Despite tremendous effort exerted since the 1991 Madrid Peace Conference to resolve the Israeli-Palestinian conflict through a two-state solution, peace has been elusive. Today, there is a growing feeling among Palestinians, Israelis and the international community that the two-state paradigm may no longer be viable. USIP’s Ambassador Hesham Youssef examines the potential scenarios facing Israelis, Palestinians and the region as the stalemated conflict continues without progress toward two states.

An ultra-Orthodox Jewish man walking in the Old City of Jerusalem, Dec. 6, 2017. (Uriel Sinai/The New York Times)
An ultra-Orthodox Jewish man walking in the Old City of Jerusalem, Dec. 6, 2017. (Uriel Sinai/The New York Times)

Given current political dynamics, what seem to be the most likely scenarios in the near-term?

First, we may see the continuation of the tenuous status quo—a relatively low intensity conflict, with recurring spikes in violence, and the continual erosion of political options. Maintaining the status quo requires the least amount of energy and political capital, but is not sustainable, and will ultimately come at a high price. If unaddressed, continued developments on the ground—for example, creeping or major annexation by Israel of West Bank territory—may eventually eliminate the possibility of a two-state solution altogether and, with it, a sustainable peace.

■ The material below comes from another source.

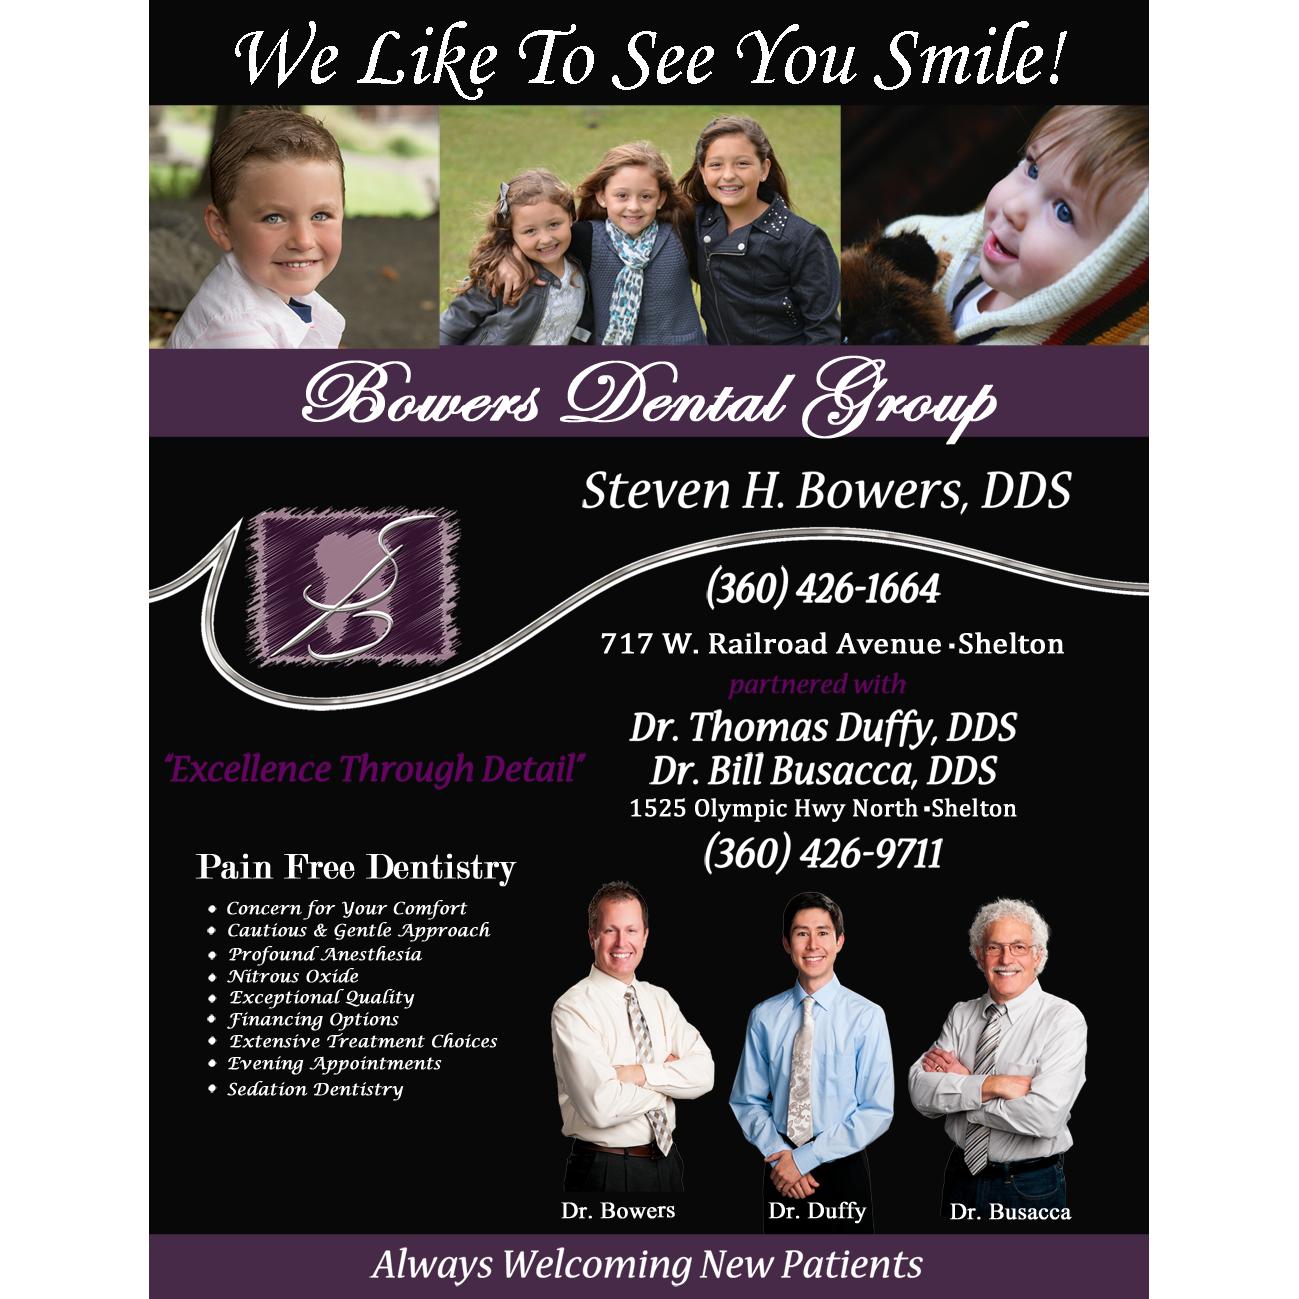 Bowers Dental Group

Second, we shouldn’t underestimate the risk of an eruption of violence, limited military confrontation, or even a war. Tensions remain high in several flashpoints. Recently, major escalations have been narrowly averted, especially in Gaza, but the situation there remains fragile. Meanwhile, tensions and risk factors persist along Israel’s northern fronts, particularly after the Israeli strikes in Syria against Iranian and Hezbollah targets and more recently the killing of Iranian commander Qassem Soleimani by a U.S. drone. In addition, Hezbollah possesses precision missiles in Lebanon—not to mention the risk that Hamas or Palestinian Islamic Jihad may also gain these capabilities.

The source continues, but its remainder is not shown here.